— TRECVID 2017 guidelines

Video data

A number of datasets are available for use in TRECVID 2017 and are described below.

Once you know which tasks you will be participating in, you can determine which data sets you need.
Then for each needed dataset, see below for information on how you get permission to use the data and how it will be distributed..

IACC.3

The IACC.3 dataset is approximately 4600 Internet Archive videos (144 GB, 600 h) with Creative Commons licenses in MPEG-4/H.264 format with duration ranging from 6.5 min to 9.5 min and a mean duration of almost 7.8 min. Most videos will have some metadata provided by the donor available e.g., title, keywords, and description.

Data use agreements and Distribution: Download for active participants from NIST/mirror servers. See Data use agreements

Master shot reference: Available by download from the TRECVID Past Data page

Automatic speech recognition (for English): Available by download from the TRECVID Past Data page

IACC.2.A-C

Three datasets (A,B,C) - totaling approximately 7300 Internet Archive videos (144 GB, 600 h) with Creative Commons licenses in MPEG-4/H.264 format with duration ranging from 10 s to 6.4 min and a mean duration of almost 5 min. Most videos will have some metadata provided by the donor available e.g., title, keywords, and description.

NOTE: Be sure to reload the relevant collection.xml files (A, B, C) in the master shot reference and remove files with a "use" attribute set to "dropped" - these are no longer available under a Creative Commons license and are not part of the test collection.

Data use agreements and Distribution: Download for active participants from NIST/mirror servers. See Data use agreements

Master shot reference: Available by download from the TRECVID Past Data page

Automatic speech recognition (for English): Available by download from the TRECVID Past Data page

IACC.1.A-C

Three datasets (A,B,C) - totaling approximately 8000 Internet Archive videos (160 GB, 600 h) with Creative Commons licenses in MPEG-4/H.264 format with duration between 10s and 3.5 min. Most videos will have some metadata provided by the donor available e.g., title, keywords, and description

Data use agreements and Distribution: Available by download from the Internet Archive. See TRECVID Past Data page. Or download from the copy on the Dublin City University server, but use the collection.xml files (see TRECVID past data page) for instructions on how to check the current availability of each file.

Master shot reference: Available by download from the TRECVID Past Data page

Automatic speech recognition (for English): Available by download from the TRECVID Past Data page

IACC.1.tv10.training

Approximately 3200 Internet Archive videos (50 GB, 200 h) with Creative Commons licenses in MPEG-4/H.264 format with durations between 3.6 and 4.1 min Most videos will have some metadata provided by the donor available e.g., title, keywords, and description

Data use agreements and Distribution: Available by download from the Internet Archive. See TRECVID Past Data page.

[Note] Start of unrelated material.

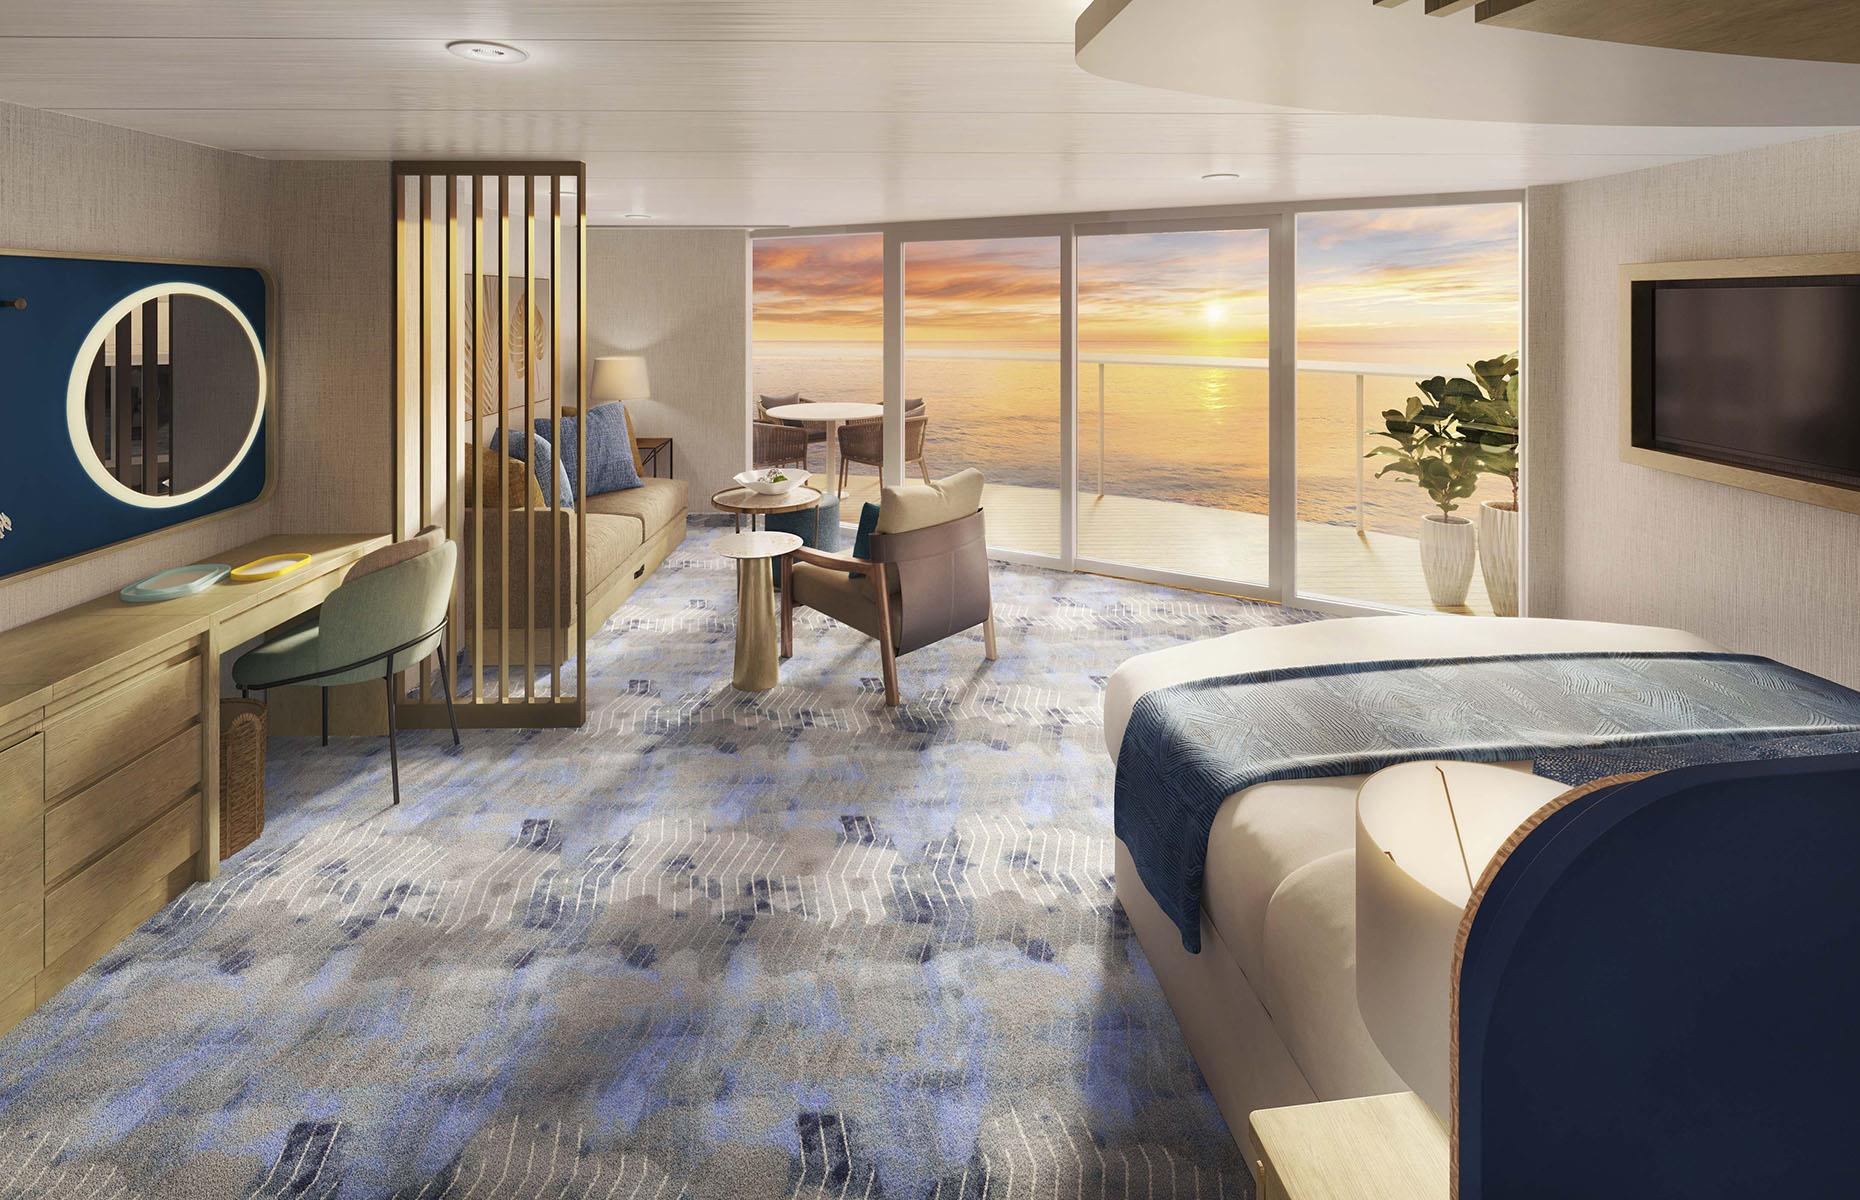 <p>While room prices have since increased for week-long voyages, you don't need to be super-rich to board this super-sized ship. <em>Icon</em> offers 28 different room types, giving guests options to suit all needs, whether they're looking for affordability, stunning sea views, or a family-oriented vacation experience.</p>  <p>According to <em>Forbes</em>, interior rooms now range between $1,851 and $3,300, while exterior rooms span from $2,061 to $4,119. Balcony rooms, which offer a more premium guest experience, start at $2,249 and can reach up to $5,245.</p>  <p>Meanwhile, luxury Sunset Suites (pictured) cost a staggering $10,864 per week per person for those looking to splurge. Costs vary depending on the time of the year, with March to September the peak time to travel. </p>

Or download from the copy (see tv2010 directory) on the Dublin City University server, but use the collection.xml files (see TRECVID past data page) for instructions on how to check the current availability of each file.

Master shot reference: Available by download from the TRECVID Past Data page

Common feature annotation: Available by download from the TRECVID Past Data page

Automatic speech recognition (for English): Available by download from the TRECVID Past Data page

Gatwick and i-LIDS MCT airport surveillance video

The data consist of about 150 h of airport surveillance video data (courtesy of the UK Home Office). The Linguistic Data Consortium has provided event annotations for the entire corpus. The corpus was divided into development and evaluation subsets. Annotations for 2008 development and test sets are available.

Data use agreements and Distribution:

Gatwick development data (2008 DevSet and 2008 EvalSet) by download from password-protected servers at NIST and mirror sites. See Data use agreements
2009 i-LIDS test data from United Kingdom's Centre for Applied Science and Technology (CAST) can be downloaded from NIST but only after CAST has received the required information and issued a userid/password. See here for details.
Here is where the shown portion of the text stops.